Contingent consideration arising from business combinations is held at fair value at each reporting date. The
fair value of remaining contingent consideration at 30 June 2024 was assessed as £59,270 (2023: £202,455)
21. FINANCIAL INSTRUMENTS AND RISK MANAGEMENT
The Company uses a limited number of financial instruments, comprising cash, short-term deposits, and
various items such as trade receivables and payables, which arise directly from operations. The Company does
not trade in financial instruments. All of the Company’s financial instruments are measured at amortised cost
other than contingent consideration arising on business combinations which is held at fair value at each
reporting date.
The Company’s activities expose it to a variety of financial risks: market risk (including currency risk and
interest rate risk), credit risk and liquidity risk.
Credit risk
The Company’s principal financial assets are bank balances and cash, trade and other receivables.

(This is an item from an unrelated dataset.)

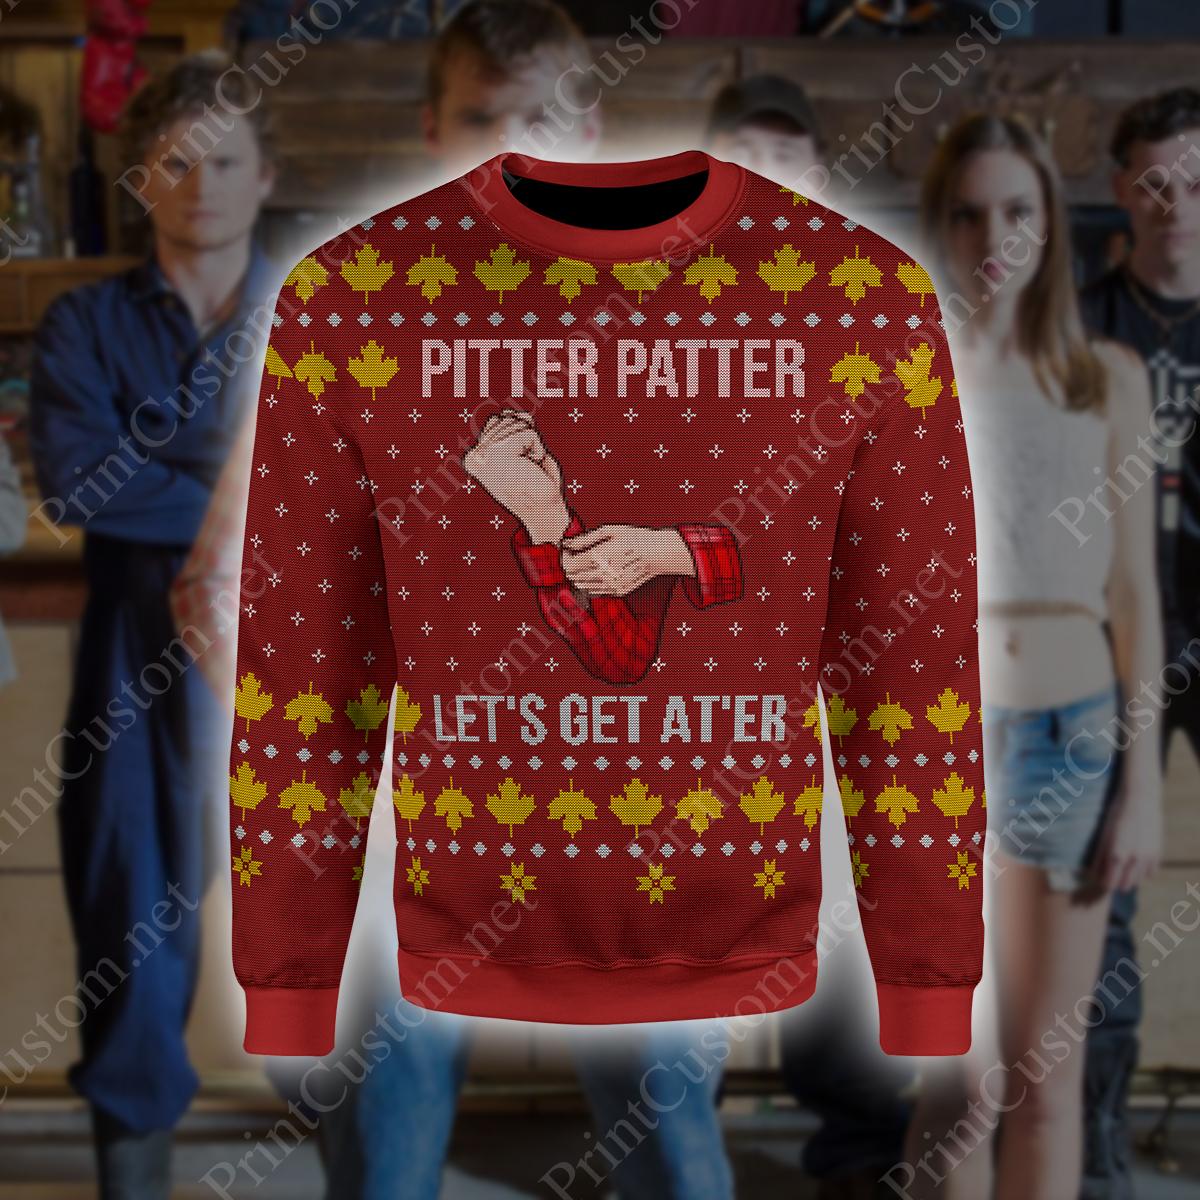 Letterkenny pitter patter let's get at'er ugly christmas sweater - 4

Bank balances and cash are held by banks with high credit ratings assigned by independent credit rating
agencies. Management is of the opinion that cash balances do not represent a significant credit risk.

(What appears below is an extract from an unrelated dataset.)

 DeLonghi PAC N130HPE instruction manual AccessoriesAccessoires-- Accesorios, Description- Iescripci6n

As the Group does not hold security against bank balance and trade and other receivables, its credit risk exposure
is as follows:
Group
Company
Year to 30 June
2024
Year to 30 June
2023
Year to 30 June
2024
Year to 30 June
2023
£
£
£
£
359,245
736,302
333,189
499,881
The Group trade receivables balance represents amounts due from third parties. At the balance sheet date, the Group’s trade
receivables totalled £346,740 against which an expected credit loss provision of £10,650 had been raised (2023: £524,690 less
a provision of £58,864).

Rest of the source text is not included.